WORK ITEM: Would it be possible to output exactly, and only, the lines below from the one holding "Set of 6 hand-painted" to the last line, both included, with every picture left out?

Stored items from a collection
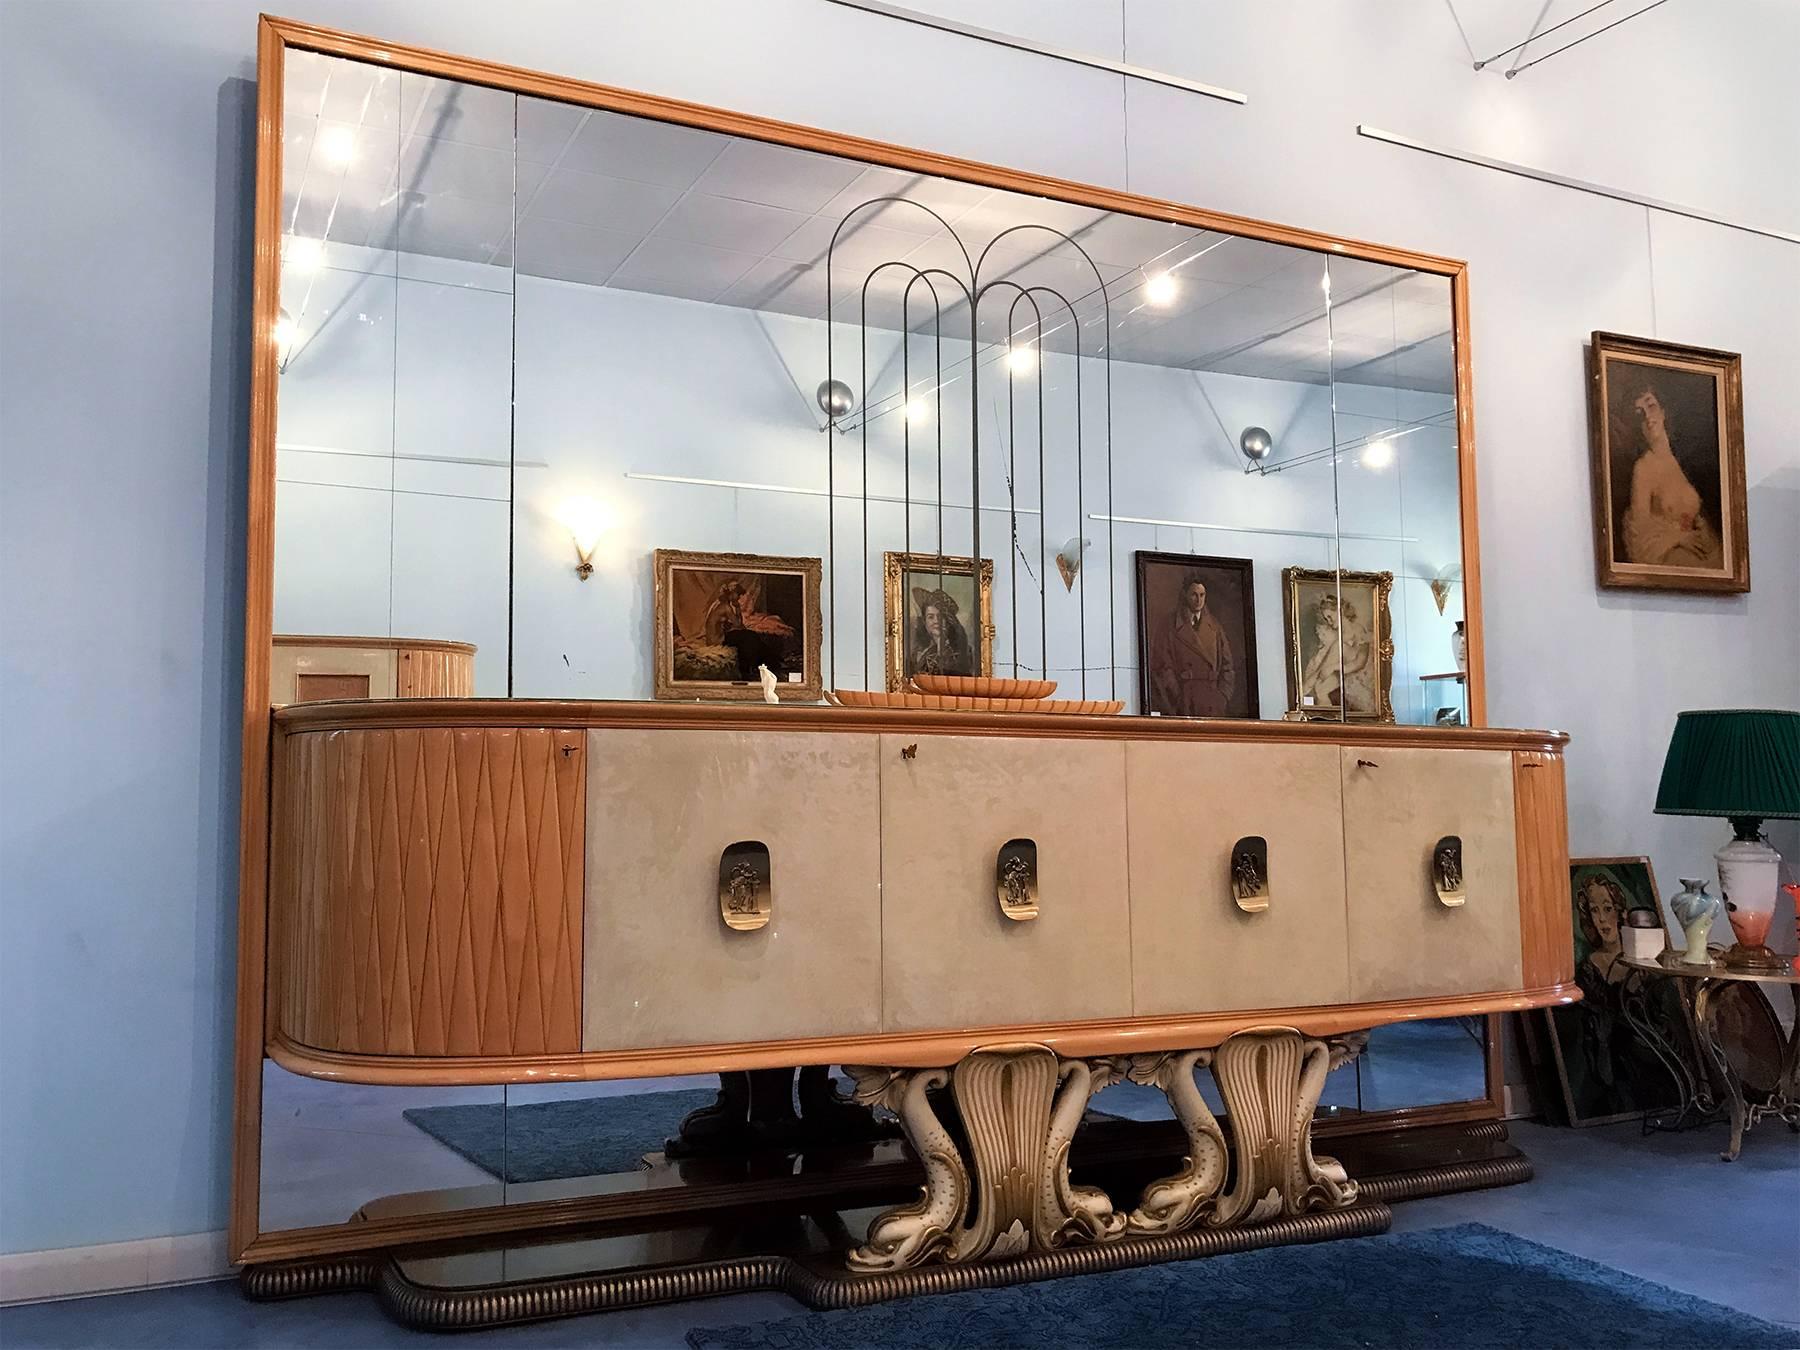 Spectacular mirrored sideboard in parchment and maple designed by Osvaldo Borsani in the 1940s, with splendid movement of the lines on the front, glass top, marble base, insides in maple. Magnificent mirror on the back depicting a spouting fountain.
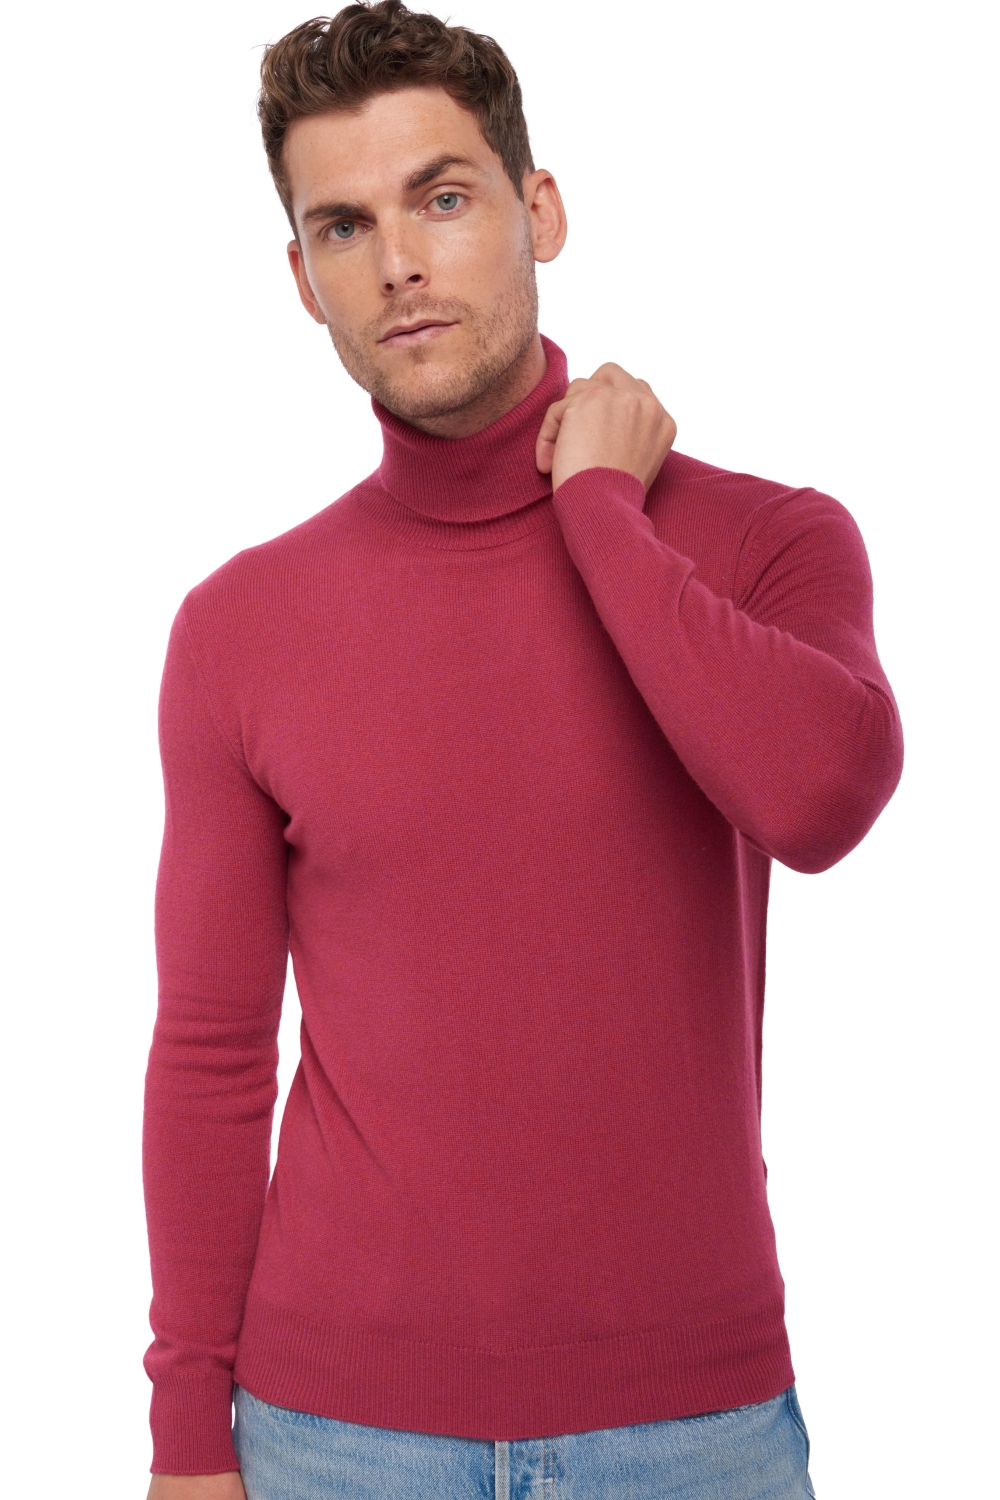 Cashmere men basic sweaters at low prices tarry first highland m
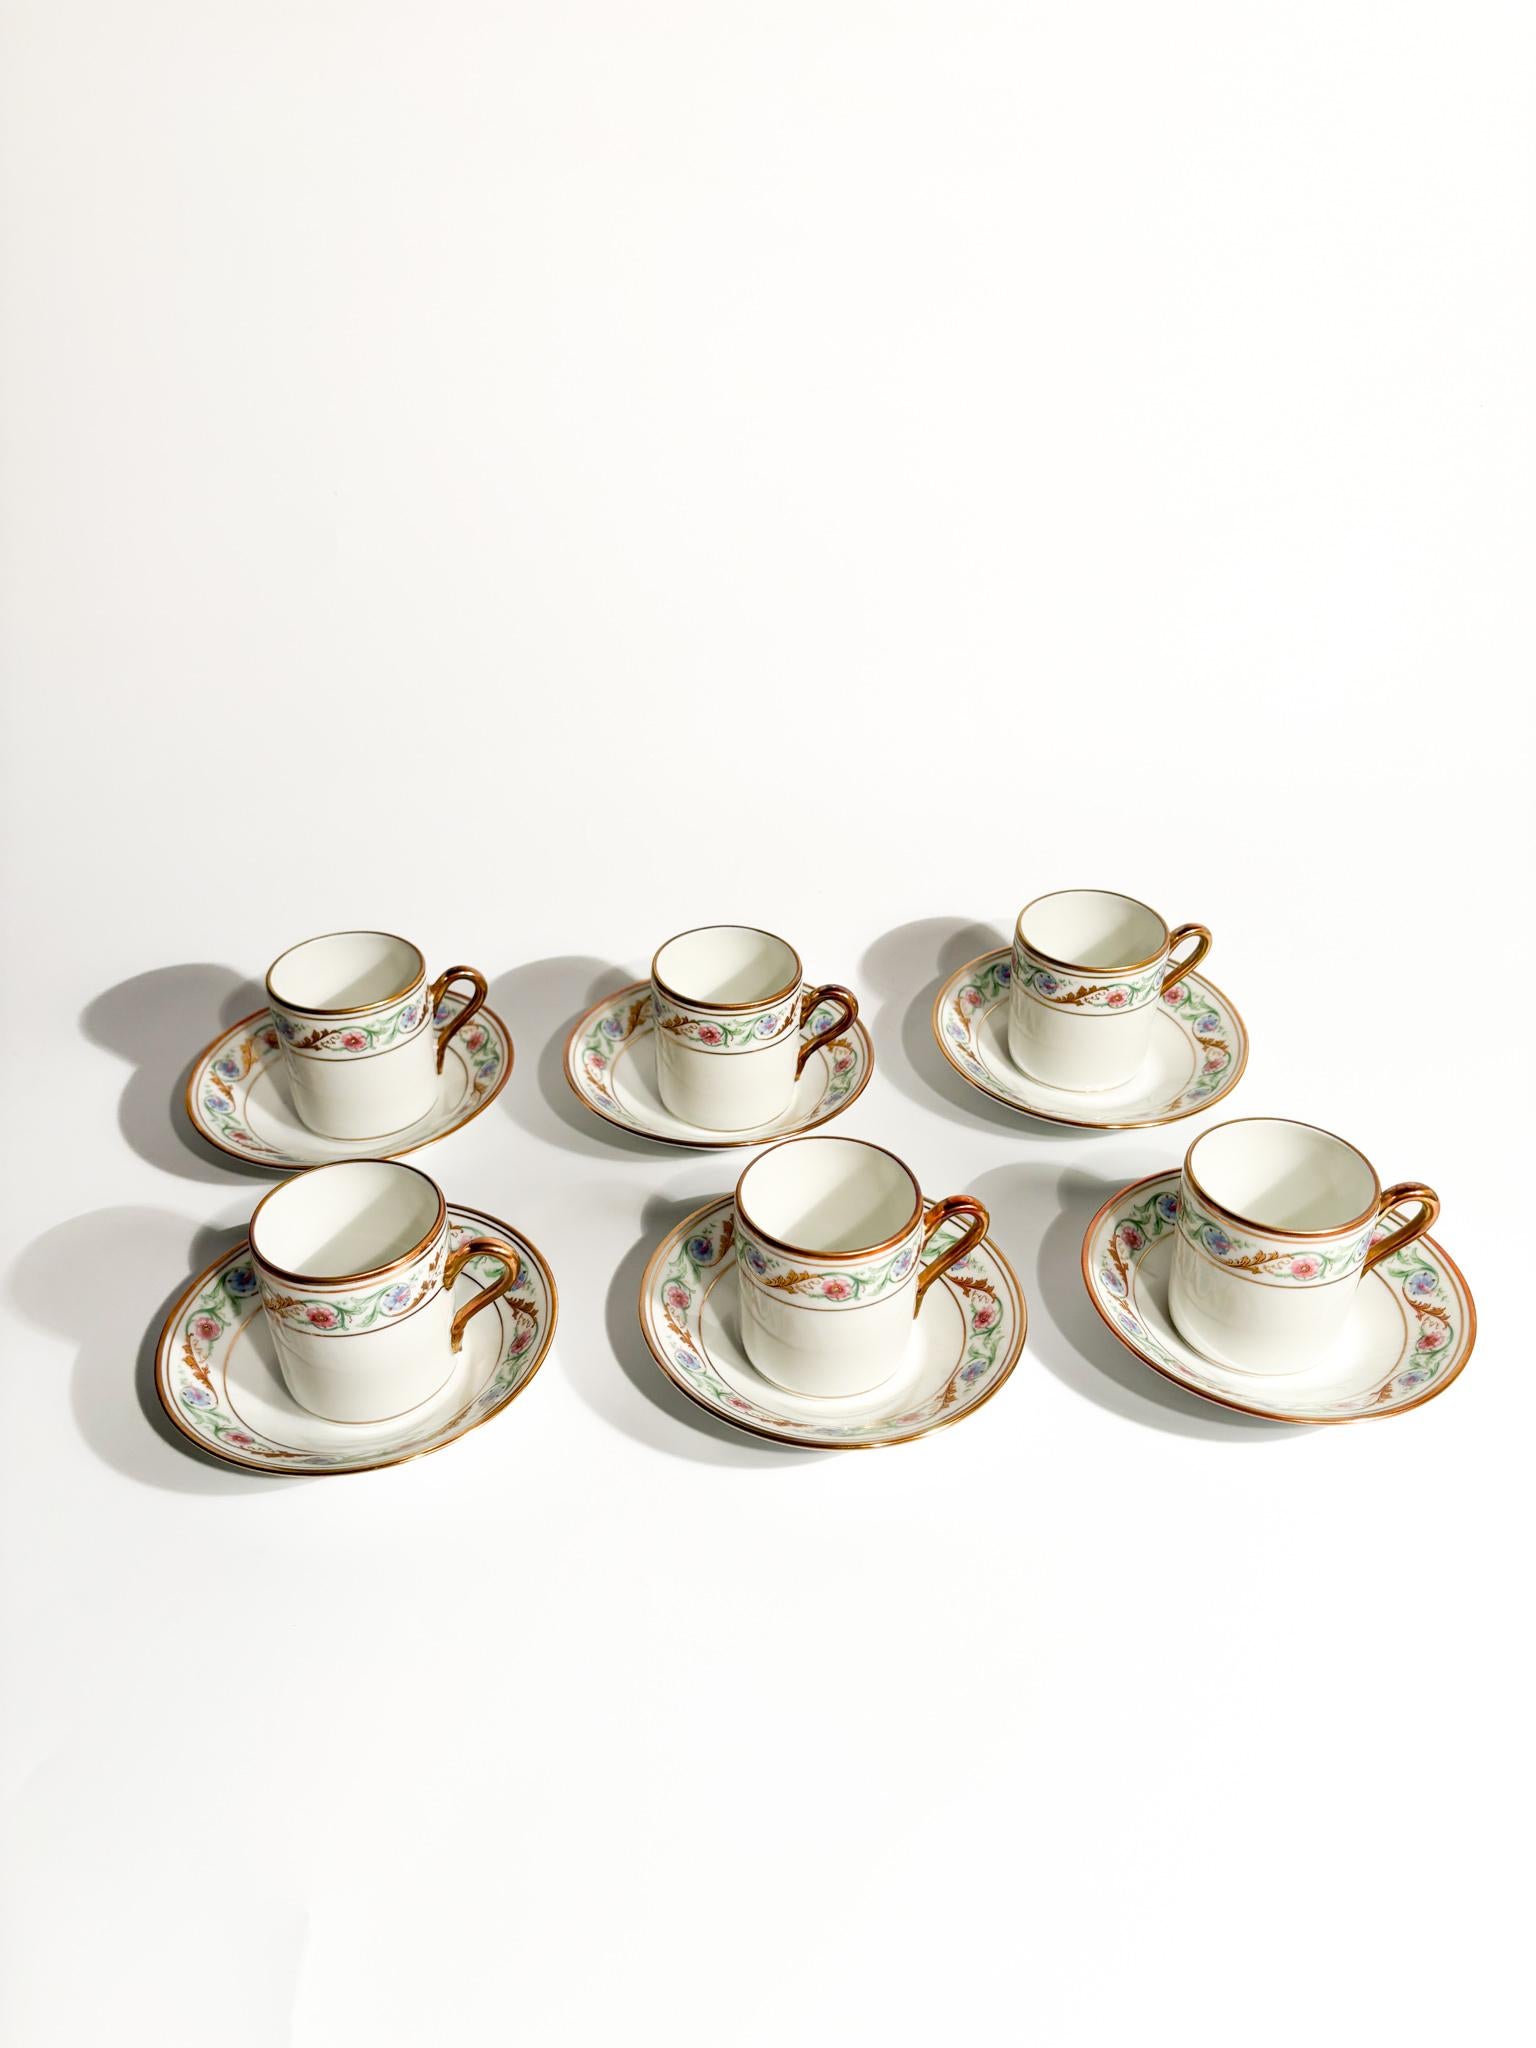 Set of 6 hand-painted porcelain coffee cups by Ginori Doccia, Pittoria manufacture, made in the 1940s

Saucer: Ø cm 11

Ginori 1735 is an Italian luxury goods company founded in 1735 by Carlo Ginori. The company is known for its high-quality

THE COMPLETED TASK:
 Set of 6 hand-painted porcelain coffee cups by Ginori Doccia, Pittoria manufacture, made in the 1940s

Saucer: Ø cm 11

Ginori 1735 is an Italian luxury goods company founded in 1735 by Carlo Ginori. The company is known for its high-quality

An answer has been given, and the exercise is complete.